## About this exercise
Using the listing below, set down exactly the lines starting at the line that contains "Legacy Sport Football Camp" and ending at the line that contains "Arabia Saudita Camiseta", both included, and no others.

## Raw data
──────────

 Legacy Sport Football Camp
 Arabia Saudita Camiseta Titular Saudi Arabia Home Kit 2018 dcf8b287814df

──────────

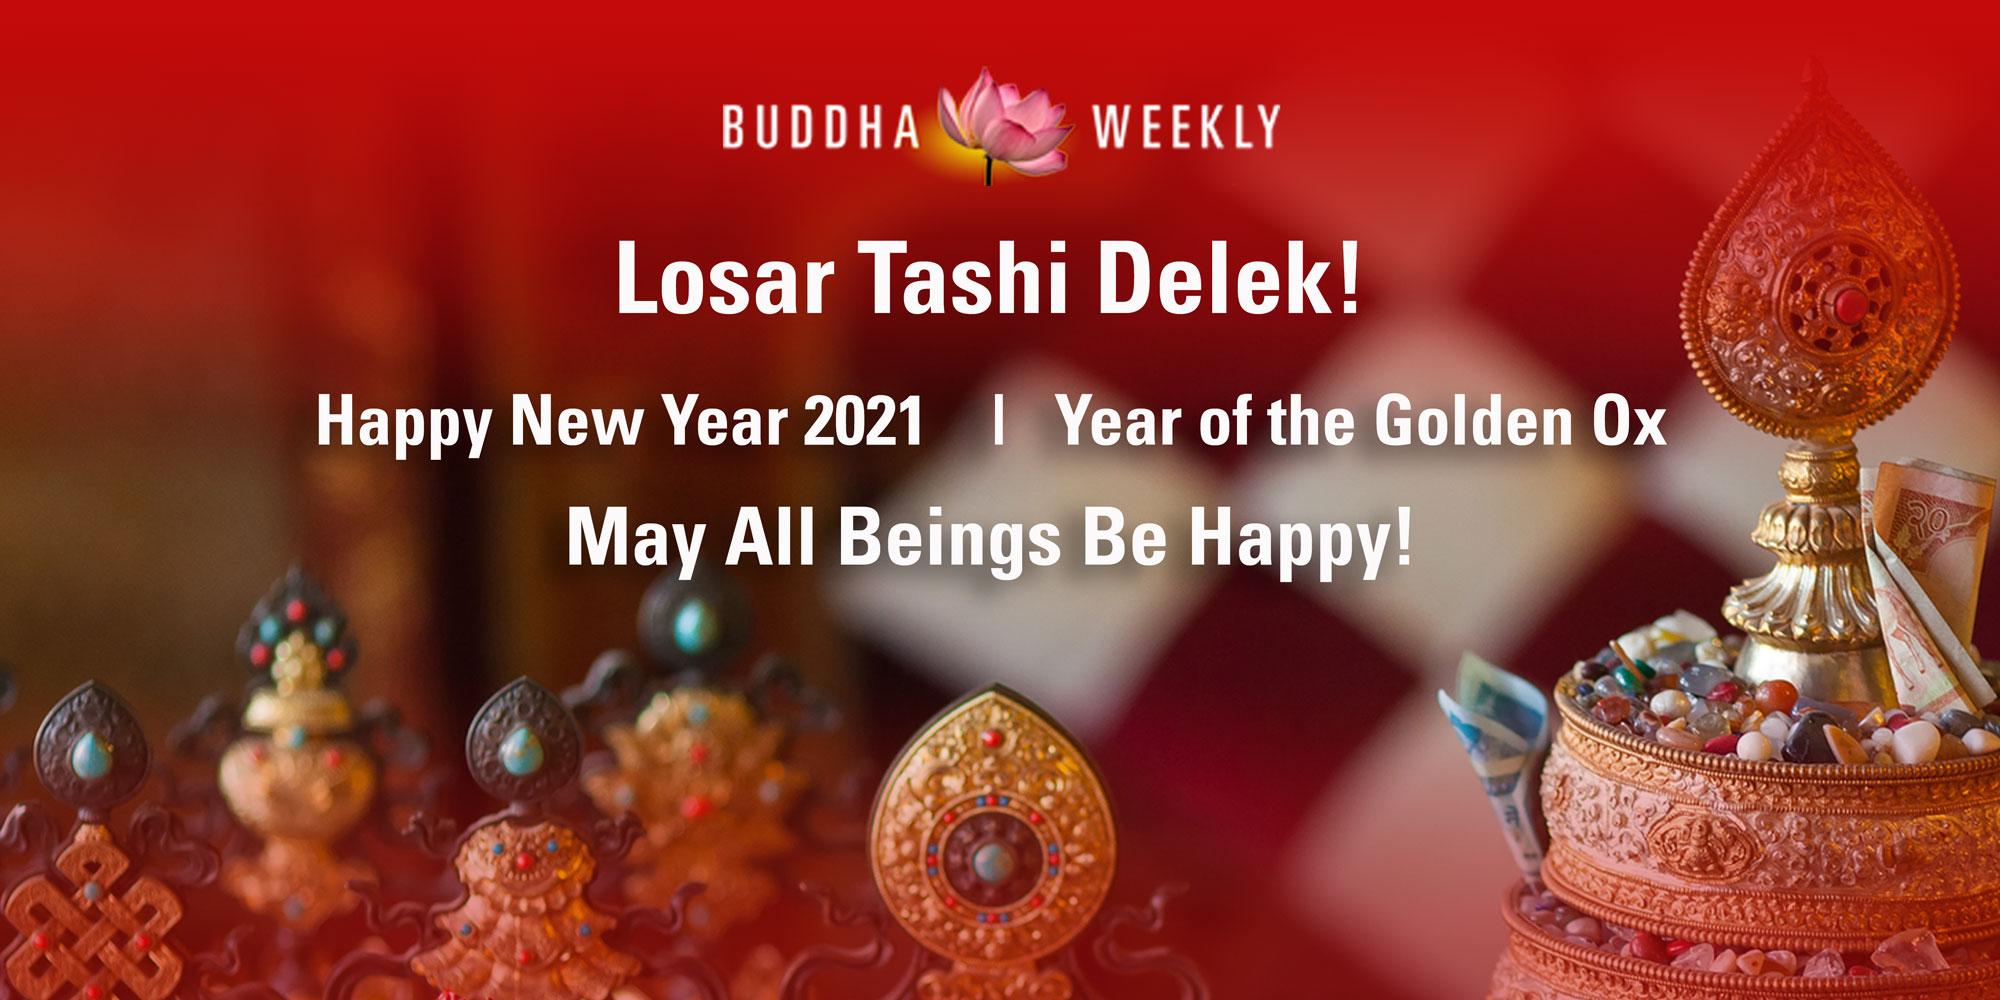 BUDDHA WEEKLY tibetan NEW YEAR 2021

──────────

## Response to the exercise
 Legacy Sport Football Camp
 Arabia Saudita Camiseta Titular Saudi Arabia Home Kit 2018 dcf8b287814df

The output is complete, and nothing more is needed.